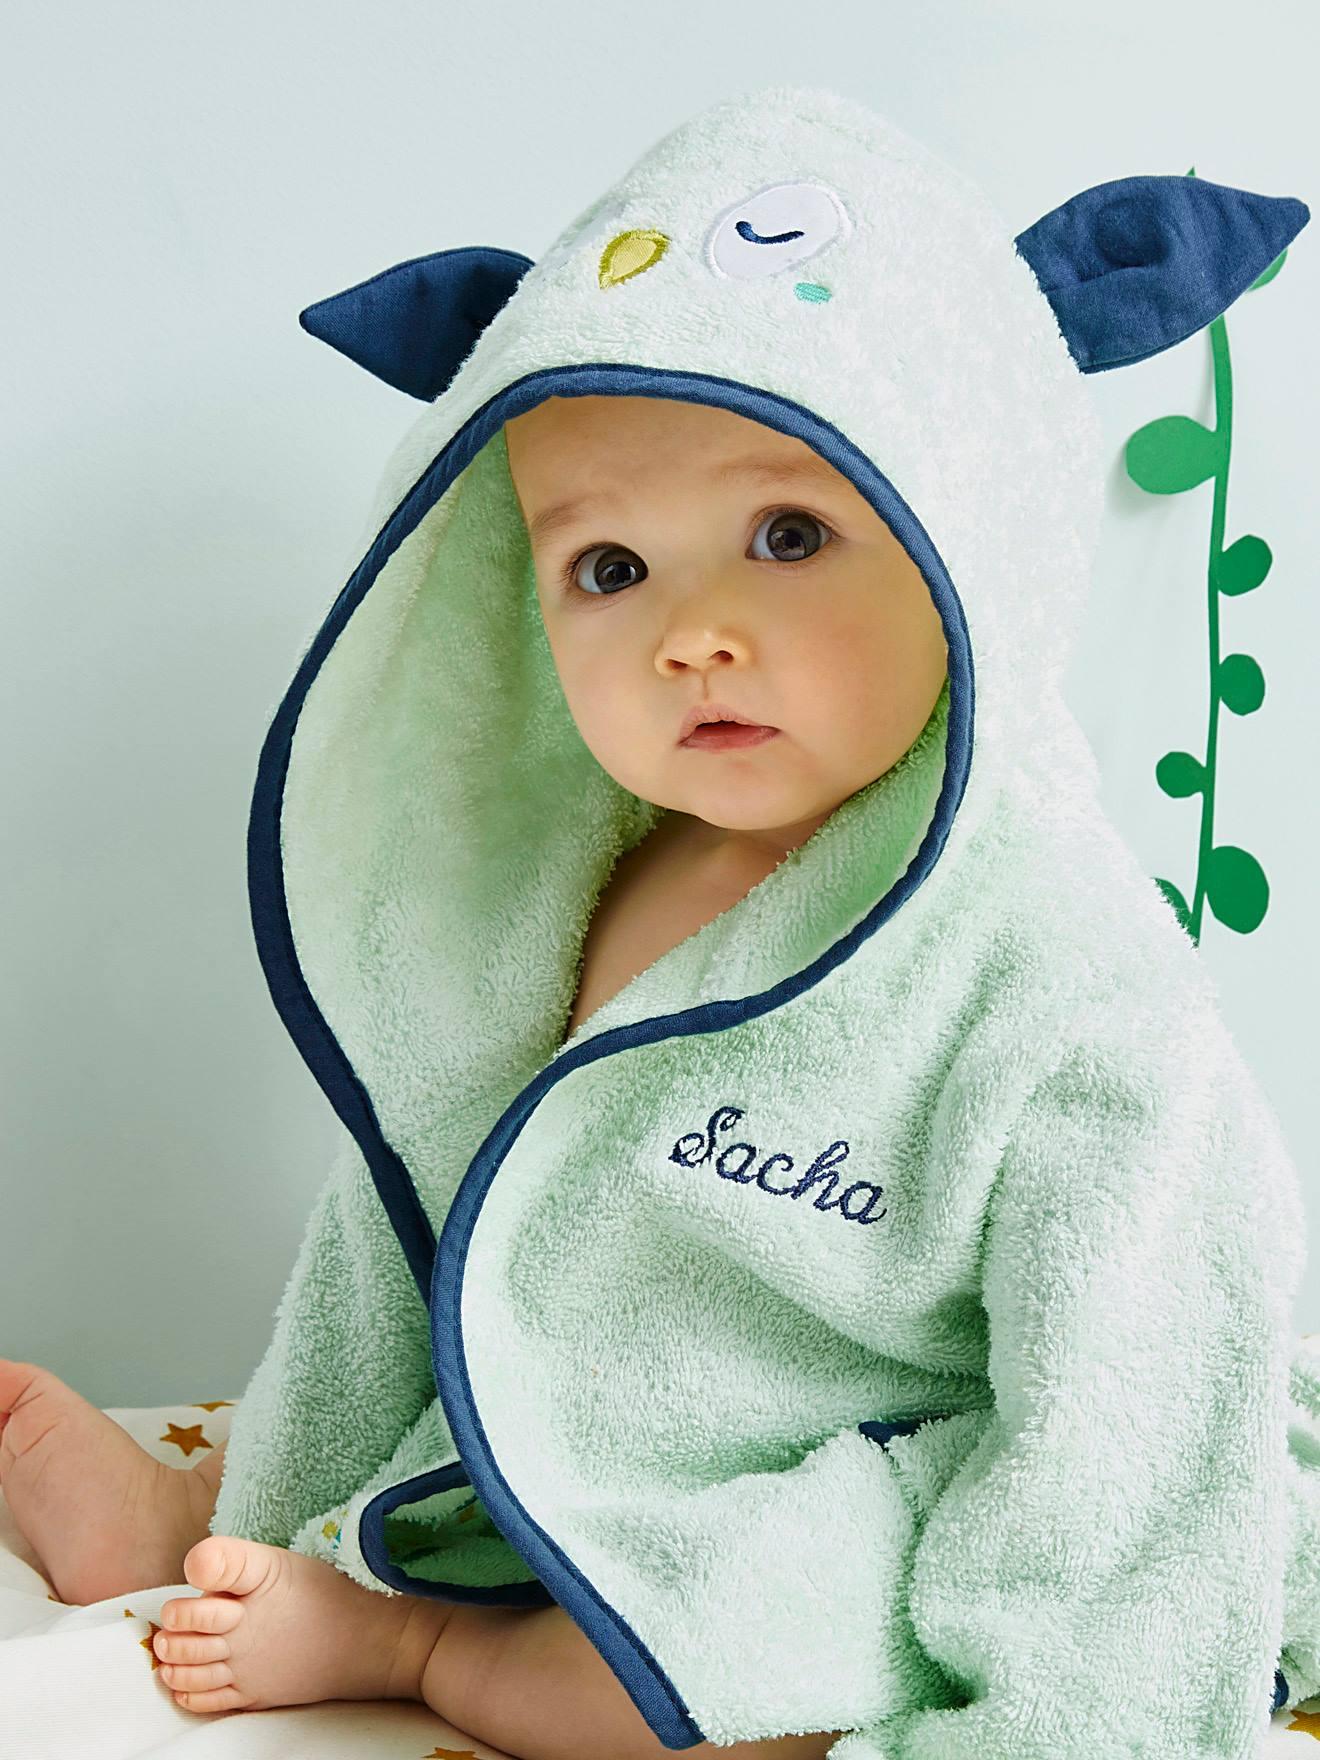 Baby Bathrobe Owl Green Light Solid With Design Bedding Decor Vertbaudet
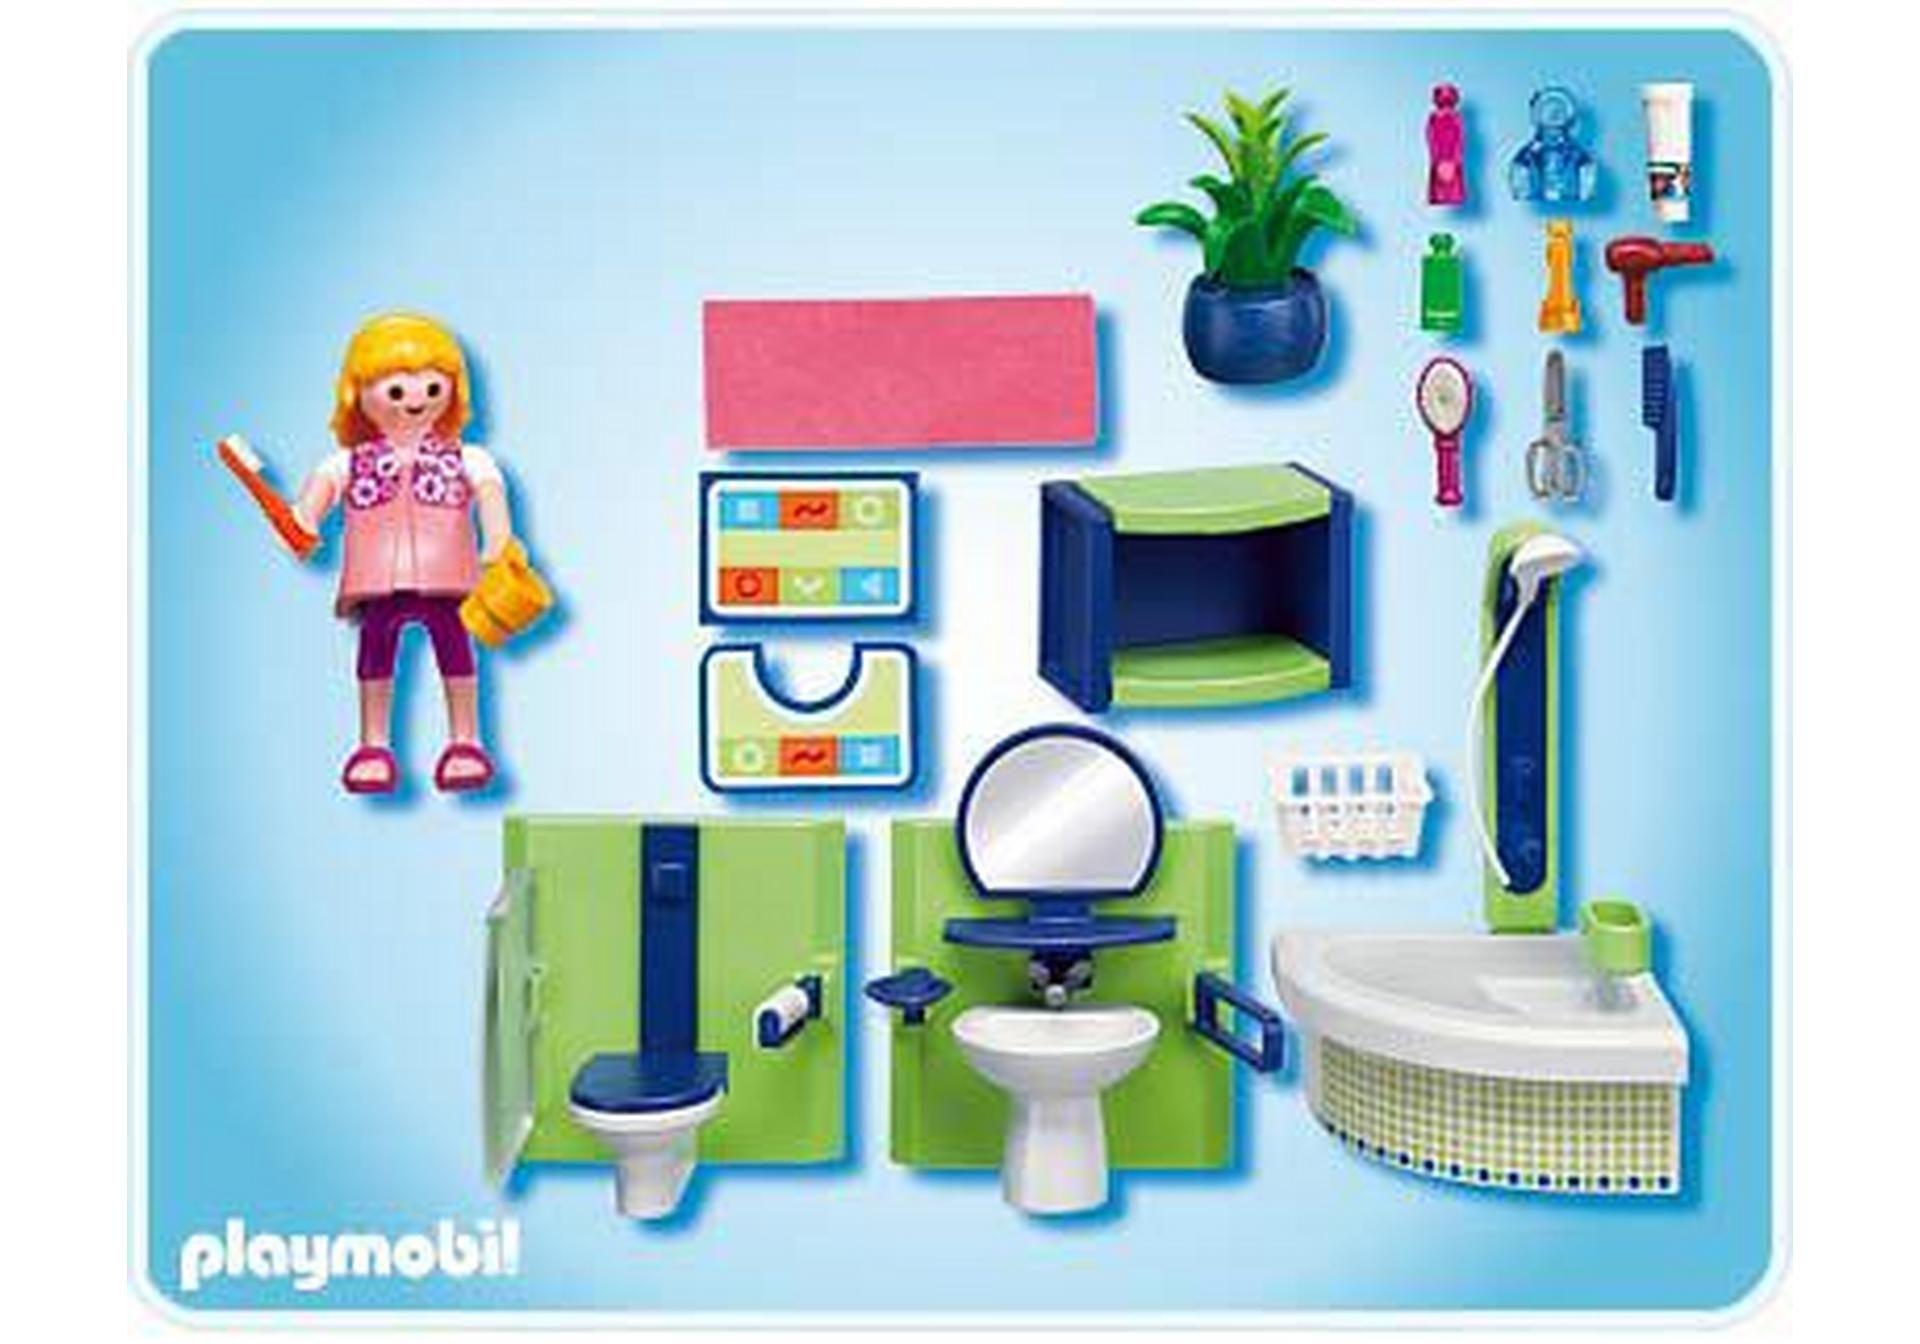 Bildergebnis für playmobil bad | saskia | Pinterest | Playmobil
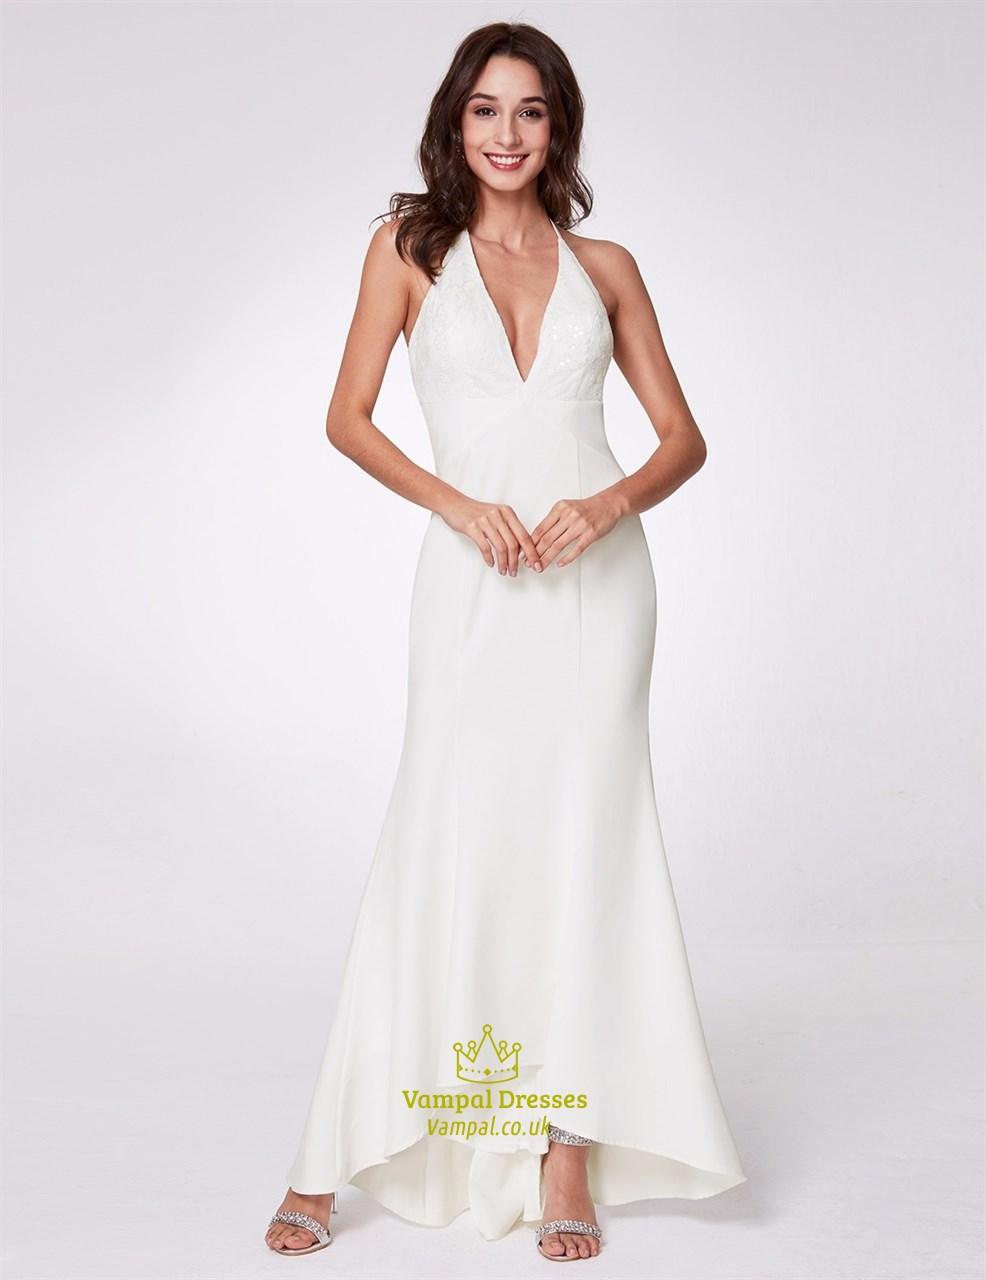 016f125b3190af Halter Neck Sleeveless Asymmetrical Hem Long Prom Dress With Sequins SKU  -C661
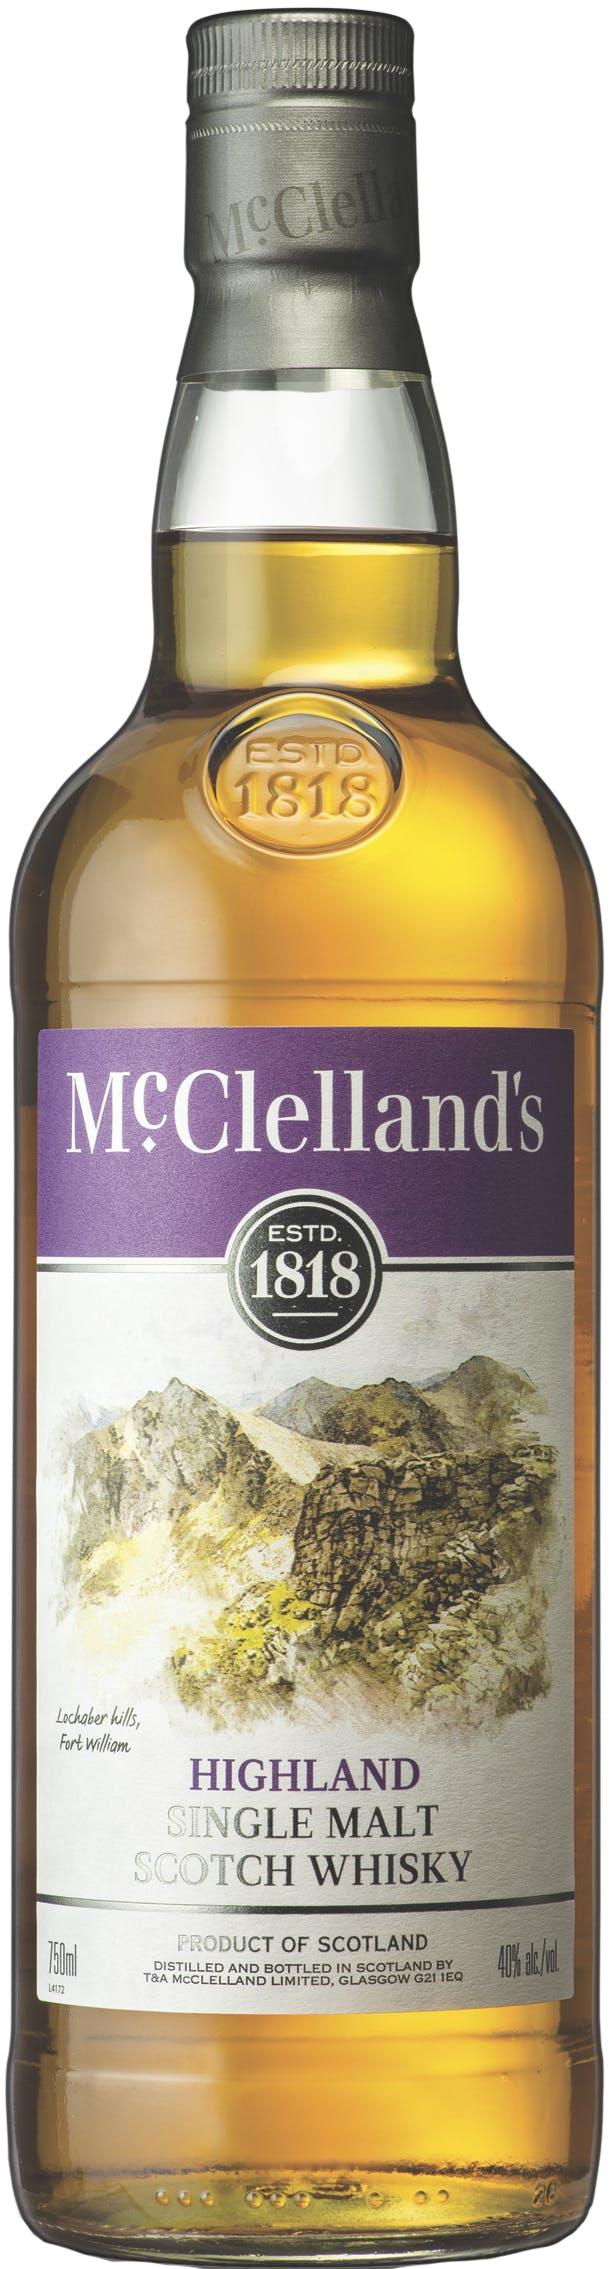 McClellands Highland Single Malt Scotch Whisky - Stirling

WHAT IS BEING ASKED:
Your output should be the lines from the one with "Bildergebnis für playmobil" through the end of the listing, copied exactly and with the pictures left out.

PROBLEM SOLUTION:
 Bildergebnis für playmobil bad | saskia | Pinterest | Playmobil
 016f125b3190af Halter Neck Sleeveless Asymmetrical Hem Long Prom Dress With Sequins SKU  -C661
 McClellands Highland Single Malt Scotch Whisky - Stirling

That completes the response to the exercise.